Personal wealth, assets and money (e.g. savings accounts, stocks and bonds, and other investments)
Family wealth, assets and money (e.g. savings accounts, stocks and bonds, and other investments)
Defined benefit or contribution pension plans
Social security retirement benefits
401(k) and other retirement savings vehicles
Supplemental Security Income (SSI), for seniors and disabled persons, used for rent and mortgage payments
Reverse mortgages, for seniors wanting to stay in their homes or pay for nursing care
Long term care insurance, for seniors to pay for nursing home care, care at home or elsewhere
Medicaid, for persons of limited assets and income, providing health insurance for the cost of hospitalization, rehabilitation, medicine, some custodial care, and long term care in a nursing facility

Medicaid’s Limited Role in Senior Housing

Medicaid is a federal medical insurance program that’s administered by the states that offers medical coverage and some assisted living services for low income, low asset seniors. To qualify for Medicaid services, individuals and couples have to “spend down” their savings and other assets. Eligibility for Medicaid varies by state. It’s possible to retain ownership of your home and car and, at the same time, qualify for Medicaid. It may be possible to qualify for Medicaid if you’re over the income limit by paying “share of cost,” which is a monthly deductible. For example, if the income limit is $750 per month and your income is $850, you may be able to spend $100 on medical costs and Medicaid may underwrite your medical coverage for the rest of the month.

Medicaid also provides some custodial care, but it’s limited.
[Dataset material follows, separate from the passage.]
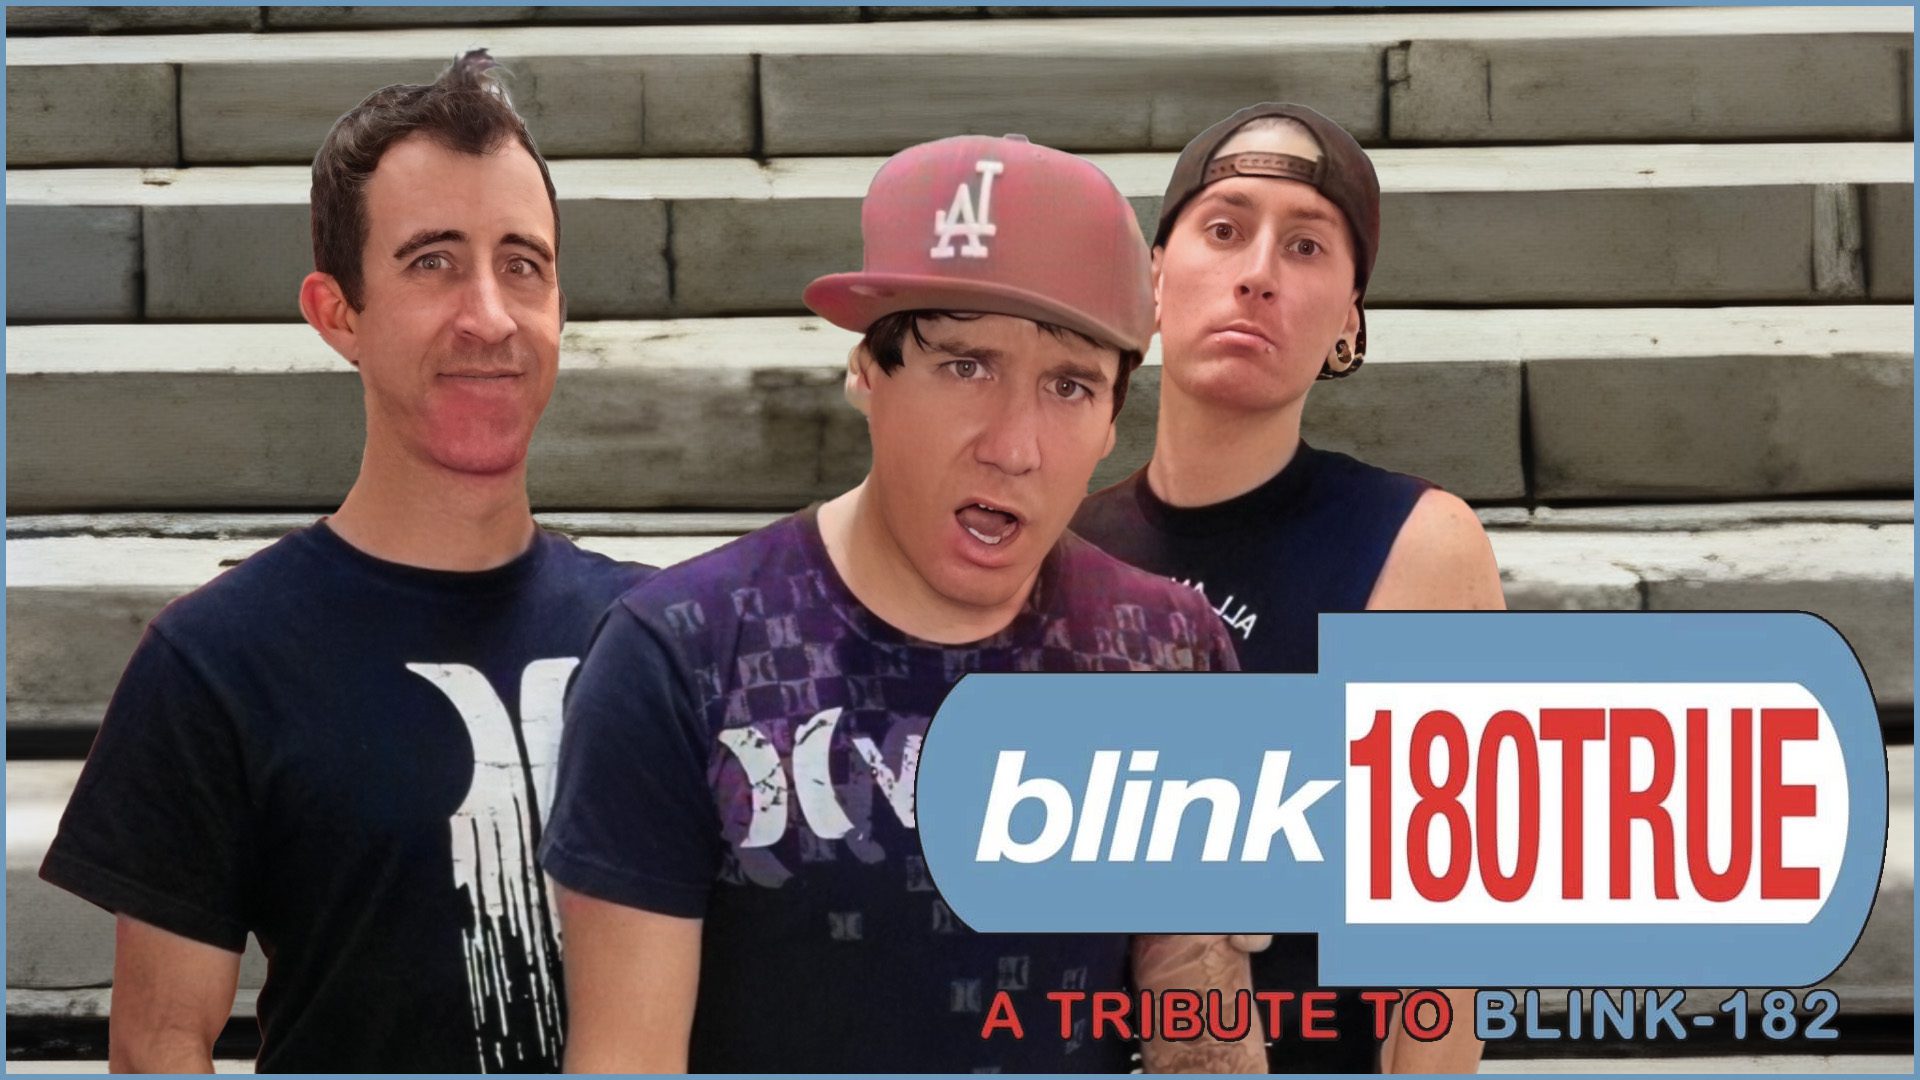 Blink-180True

This can include:

Custodial care in your home
Custodial care in an assisted living facility
Long-term care in a nursing home

Red Flags and Restrictions with Medicaid and Senior Housing

Of course, you need to be aware of some red flags when it comes to Medicaid and senior housing. If a senior requires round the clock custodial care, they will probably be directed to a nursing facility. But, some nursing homes have few or no beds designated for Medicaid patients, so there may be a wait or limited choices in your area. Some doctors and medical clinics do not accept Medicaid for payment for services. Finally, and most important, while Medicaid will pay for long-term care after a senior has exhausted his/her assets, there are huge penalties if the individual is found to have hidden their assets or quickly transferred them to their sons, daughters and other family members. Consult your legal advisor or local Office on Aging on these and other issues of senior housing today.